Background or Introduction The rise of COVID-19 and subsequent decline in hospital visitation placed increased importance on the quality of communication between healthcare professionals and the next-of-kin at the end of life. Despite this, the general public perceived that sometimes information about their relative was not adequately communicated, and that there was a significant delay in important conversations about changes in management and prognosis. The National Institute for Health and Care Excellence (NICE) describes how prognosis should be discussed ‘as soon as it is recognised that [the patient] may be entering the last days of life’ and that prognosis should be clearly documented in the patients’ care record to facilitate shared decision making.
Method(s) A retrospective case note review and audit was undertaken using data from patients who died in August 2020 in a large tertiary hospital in the West Midlands.
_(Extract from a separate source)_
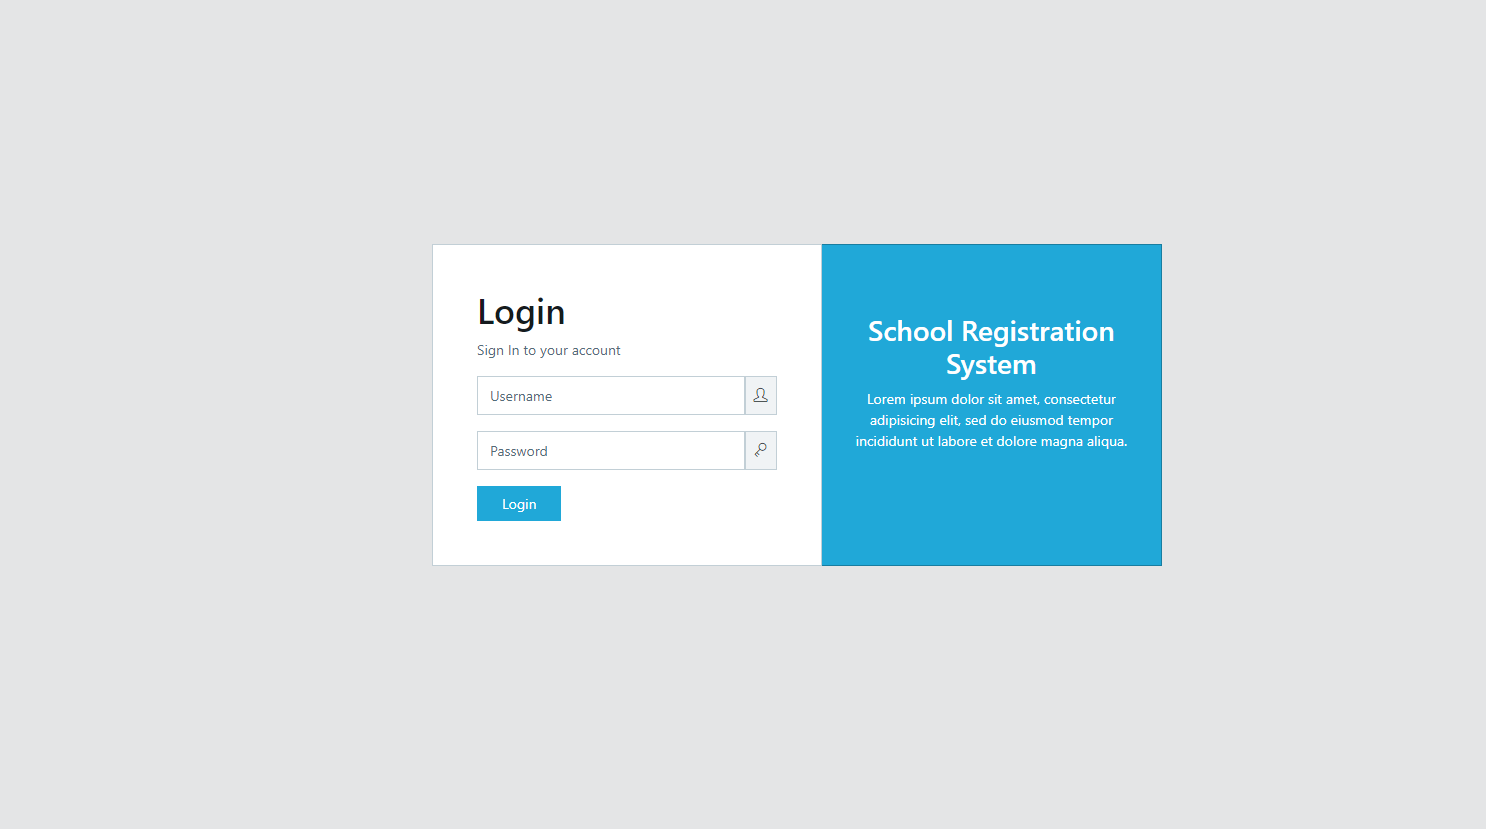 School Registration System

Data collected included age, gender, diagnosis, details of admission, any changes in management and prognosis, any communication with relatives documented in the care record, and the presence of relatives in the last days of life.
Results Of the 67 cases audited, 42% had a clear documentation of prognosis in the case record prior to death. The average time delay between the identification of a significant patient deterioration and when this was communicated to the Next-of-Kin was 3.78 hours, and 3 cases had a delay of over 24 hours. A potential correlation was also identified between those who had the longest delay, and those who were least likely to have Next-of-Kin present in their last days of life.
Conclusion(s) Most conversations to notify Next-of-Kin of a significant deterioration were had within 4 hours of the deterioration. However, prognosis is not always clearly documented in the case record which raised potential for standardisation and creation of protocol to aid this process.